I am just asking this for my general understanding of PostgreSQL. I was
reading the 'Realtime VACUUM + performance on insert/update/delete' thread
and got stuck on something Scott Marlowe had mentioned:
Also, things like:
update table set field1=field1+1
are killers in an MVCC database as well.
If I understand this correctly, such an operation basically results in copying
the entire table. For big tables, it seems like such an operation would be
something you wouldn't want to take lightly.
My questions is: when the update commits, and all transactions that depend on
the version of these (old/updated) tuples all commit, could these tuples be
automatically marked for reuse during the course of normal processing
(without adding significant overhead)? --- rather than waiting for a vacuum?
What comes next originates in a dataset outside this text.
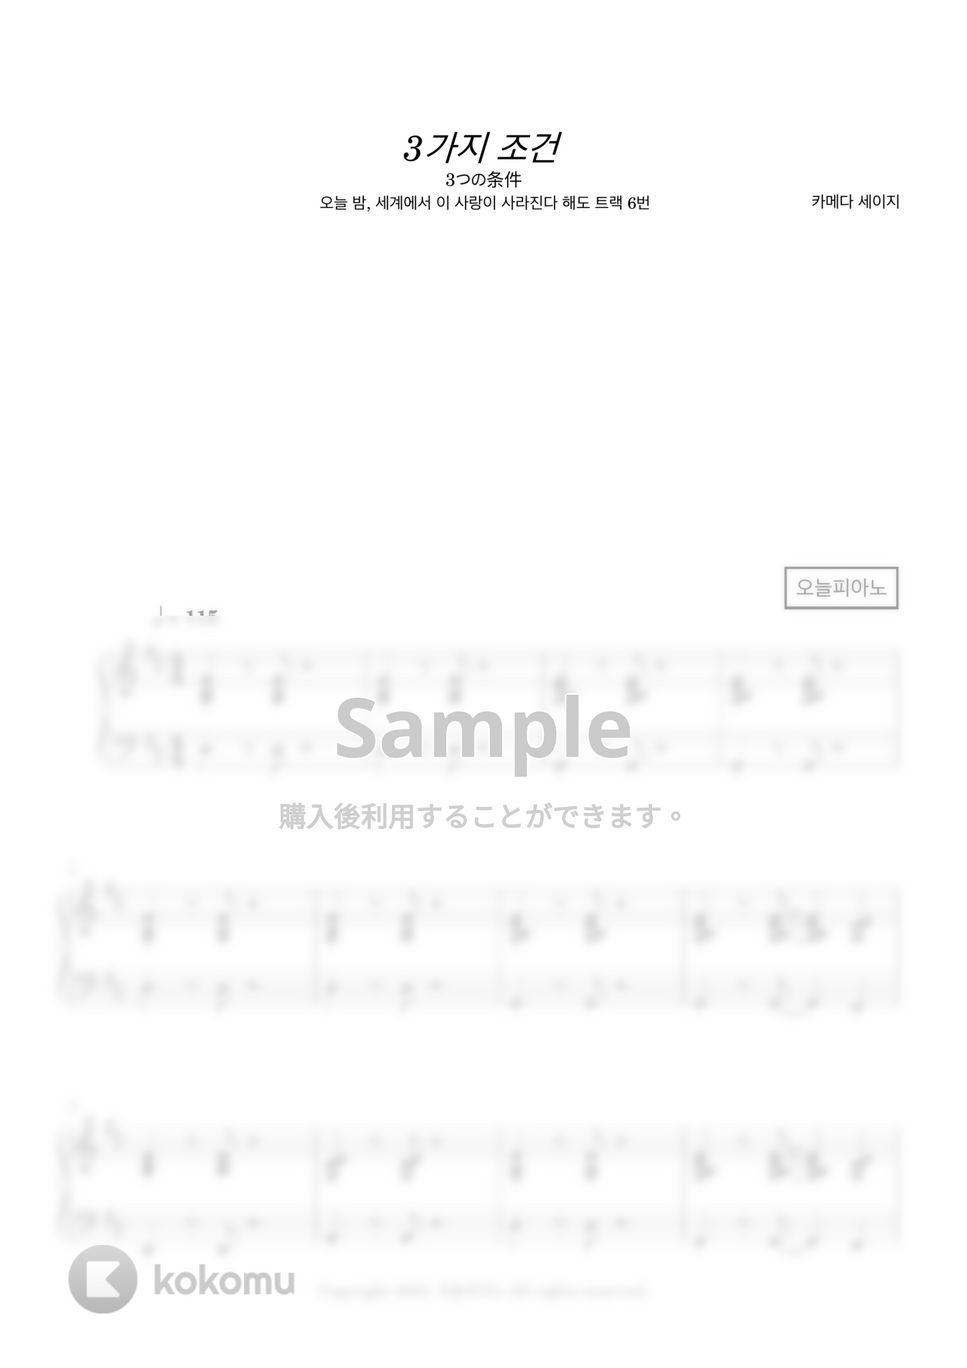 Seiji Kameda - 3つの条件 (今夜、世界からこの恋が消えても track 6) by 今日ピアノ(Oneul Piano)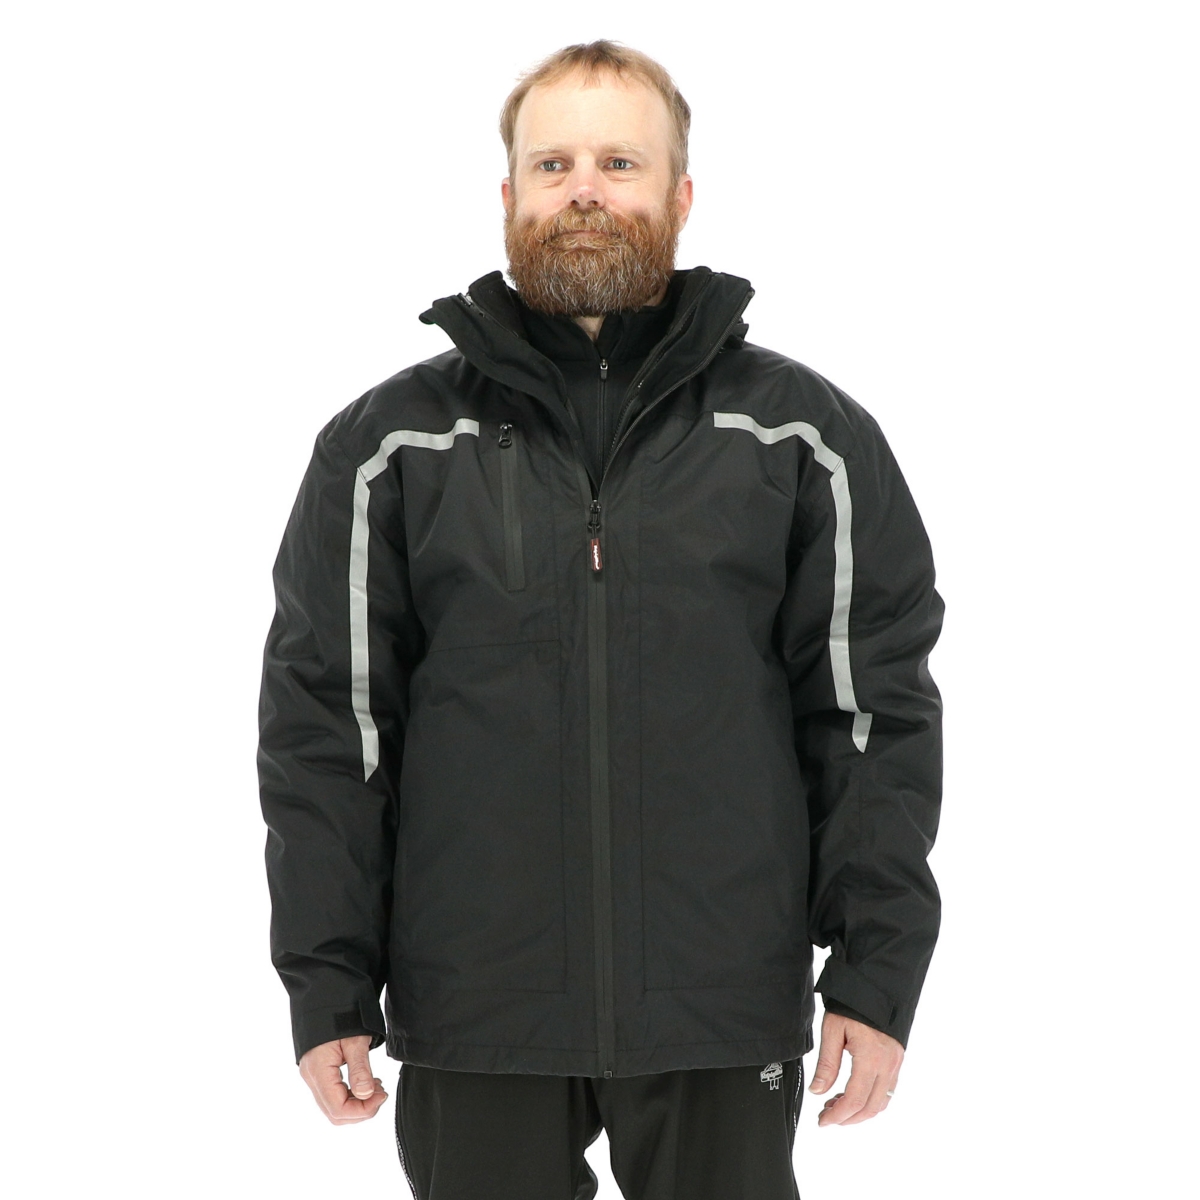 Big & Tall 3-in-1 Insulated Rainwear Systems Jacket - Black

I am sure the short answer it 'No'.
This probably centers around how MVCC works, and most likely it only concerns
itself with a tuple's version in the course of processing transactions, not
figuring out which versions are no longer relevant --- which is vacuum's job.
I'm just trying to understand if it would ever be possible/reasonable for
postgres to make vacuum campaigns on tables based on administrative
thresholds --- say if 50% of the table's tuples are invalid, then mark them
for reuse.
Again, this is just a matter of curiosity/interest, and it is probably more a
matter of me needing to study PostgreSQL's internals than anything else. I
was just wondering if anyone might offer a quick and easy answer before I
dove in.
Thanks.